The pervasiveness of media, and the greater and greater influence media producers have in informing and influencing everyone's daily view of the world and its major events creates still another dimension needing epistemological evaluation. We are less affected by what the people we know think than by a canned message designed by interests not all of which are aligned with reason and truth.
What is needed in response to all of this is not, however, the study of epistemology per se, but a general renewal of the sensibilities and practices of the Renaissance and Enlightenment. How much an educated person was in command of, how adept he was at discussing his own and alternative opinions, how much pride he took in being knowledgeable and unfailingly reasonable, along with the social manners and attitudes that are the natural accompaniment of these things would make all the difference to today's individual. What is really needed is to rediscover Western culture, not to study epistemology.

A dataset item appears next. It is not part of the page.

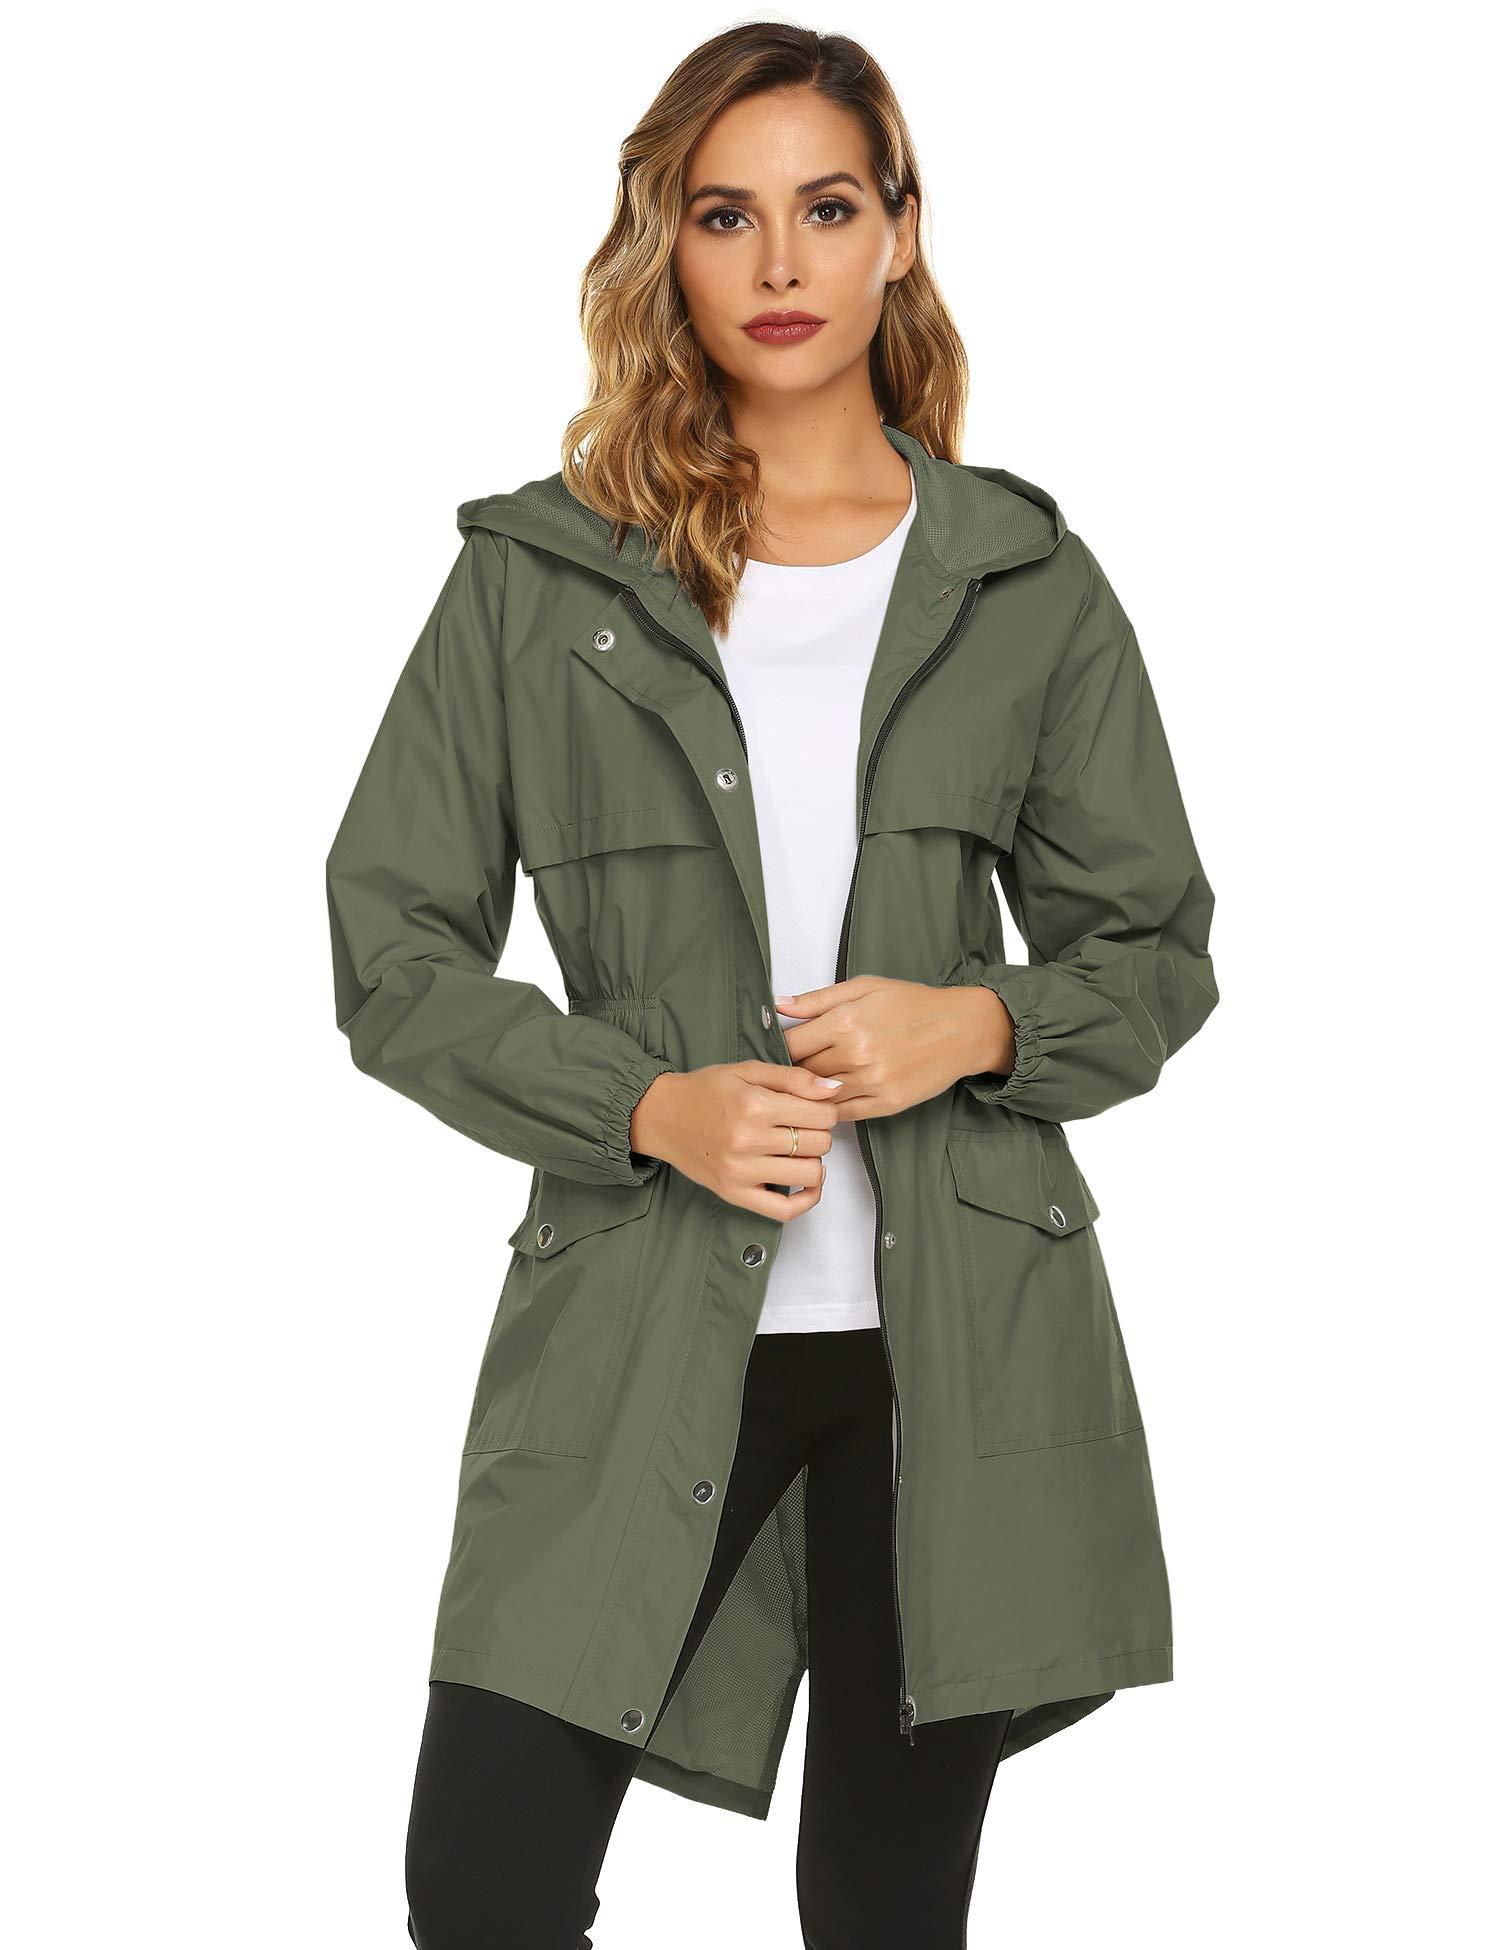 Avoogue Mesh Lining Packable Rain Jacket Women

answered Nov 14 '10 at 15:55
Mindy Newton ♦
Unless you’re going to be an Objectivist philosopher, you don’t need to “master” Objectivist epistemology. However, you do need to understand its basic ideas. If you don’t understand Objectivist epistemology, you won’t see why reason is an absolute. If you don’t understand the Objectivist meaning of concept formation, the validity of the senses, logic, context, hierarchy, certainty, and the rest of the basic Objectivist epistemological concepts, you won’t really know when something can be objectively classified as knowledge, and, just as important, when it can’t.
Almost as important is the fact that basic principles in other branches of philosophy, ethics and politics, rest on epistemology. Without a firm grasp of Objectivist epistemological principles, you can’t go up the chain of knowledge to understand why rational egoism is proper for a human being. From there, you can’t go further up the chain to see why laissez-faire capitalism is the only moral political system. You also can’t go back down the chain to validate Objectivist ethical and political principles.
Even if you claim Objectivist principles in ethics and politics, without the understanding of Objectivist epistemology, those principles are really, to you, nothing more than floating abstractions, unconnected to reality and of little use in guiding your life on a day-to-day basis. Those principles will collapse at the first serious challenge, whether from another person or from yourself.